Since MetS itself is a cluster of risk factors for cerebrovascular disease, efforts to reduce the adverse effects of its complications may require not only lifestyle changes, such as exercise and diet [10, 11], but also the identification of other causes that may influence the development and course of the syndrome. Many risk factors associated with MetS have been identified, but its prevalence continues to increase. For example, in a recent study, we suggested that pesticide exposure may play a role in the development of MetS in rural populations [12]. Recent studies have shown that lower socioeconomic status is associated with a more unfavorable metabolic health profile [13], and various studies have suggested that the health effects of low socioeconomic status may depend on the presence of social support [14–16]. Previous studies have reported that lower levels of social support are associated with higher mortality rates due to chronic diseases [17]. However, no study has analyzed the risk of developing cerebrovascular disease in relation to the level of social support in patients with MetS. Therefore, using the Medical Outcomes Study-Social Support Survey (MOS-SSS), which was developed to determine the level of social support in patients with common chronic diseases [18], this study aimed to determine whether the development of cerebral cardiovascular disease differed in relation to the level of social support in patients with MetS.
Methods
We used data from the Korean Genome and Epidemiology Study on Atherosclerosis Risk of Rural Areas in the Korean General Population (KoGES-ARIRANG), a population-based prospective cohort study, to assess the prevalence, incidence, and risk factors of chronic degenerative disorders such as MetS, hypertension, diabetes, and cardiovascular disease.
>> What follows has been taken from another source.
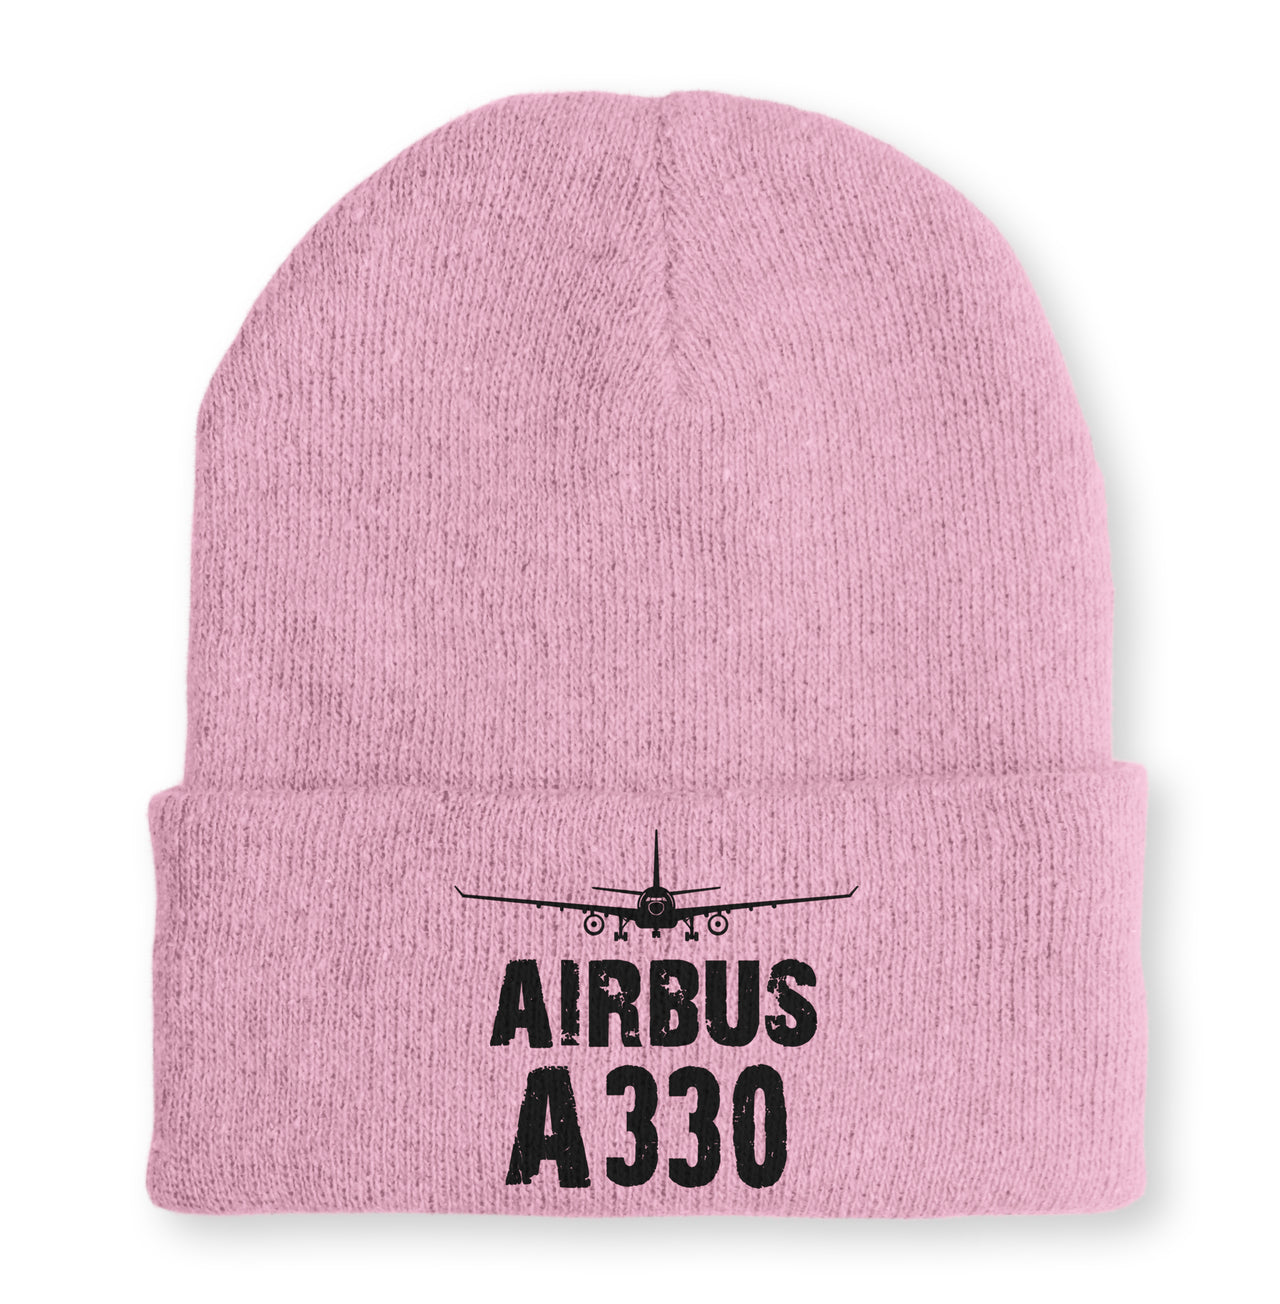 Airbus A330 & Plane Embroidered Beanies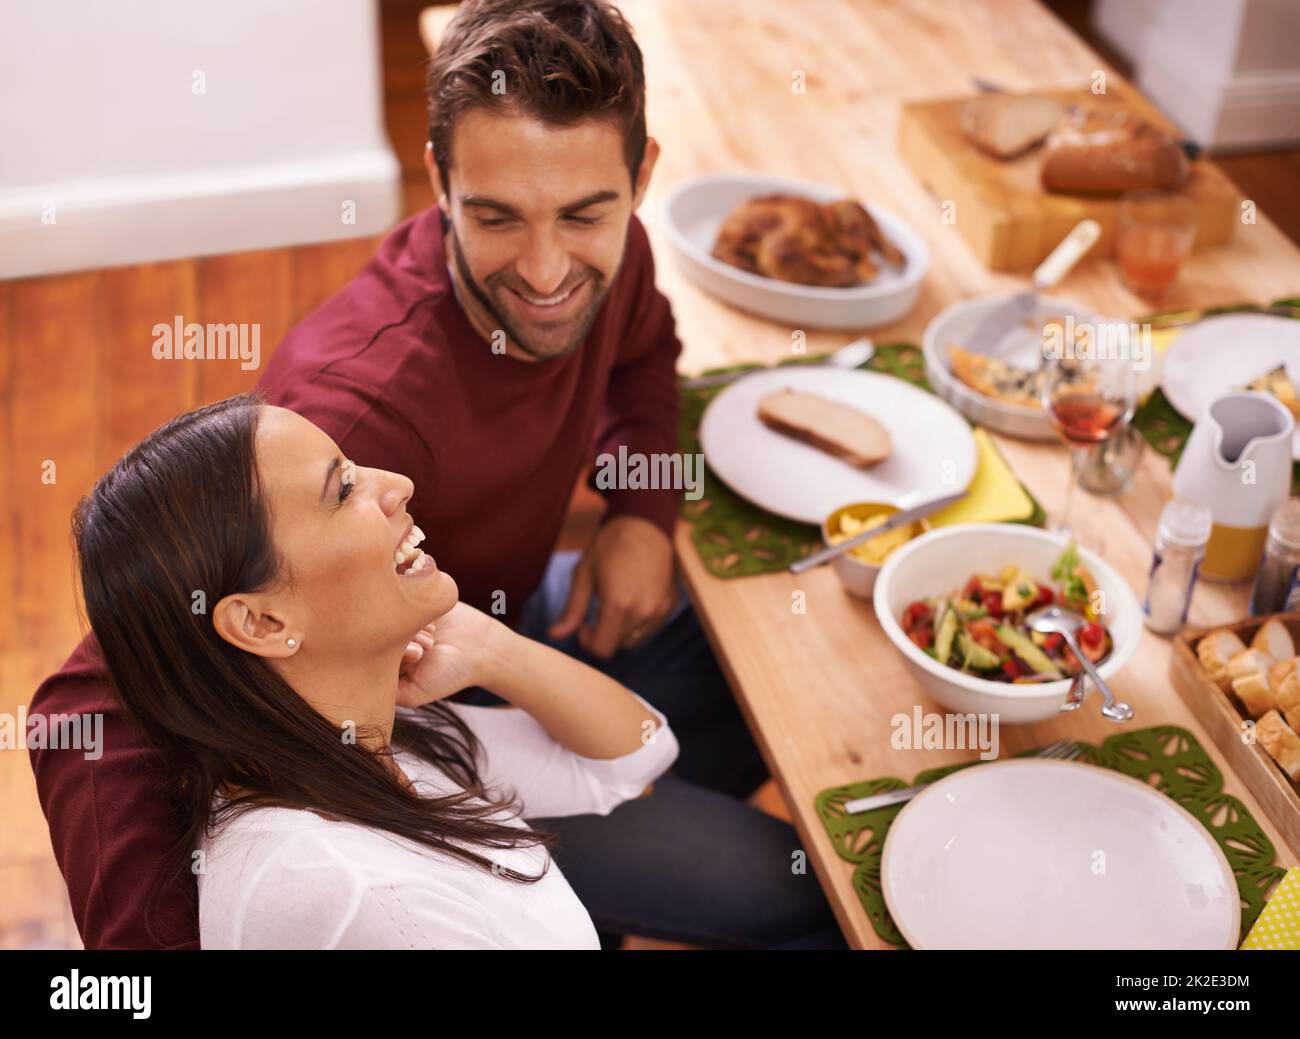 Love and food - two of the best things in life. A happy couple enjoying a family meal around the table. Stock Photo

KoGES-ARIRANG invited all adults aged 40–70 years residing in the rural areas of Wonju and Pyeongchang, South Korea, to participate in the study. Demographic shifts are infrequent in this area, and the population can be followed up in the long term [19, 20]. The cohort study began on December 6, 2005, and written informed consent was obtained from participants before the study began. The baseline study ended on December 31, 2008. Subsequently, the follow up study began on January 1, 2009 and ended on December 31, 2011. We accessed this cohort data on September 20, 2017. To obtain cerebral cardiovascular disease information, which was the endpoint of this study, medical record information of those who participated in the KoGES-ARIANG study was provided by the Korea Disease Control and Prevention Agency in connection with the data of the Korea National Health Insurance Service.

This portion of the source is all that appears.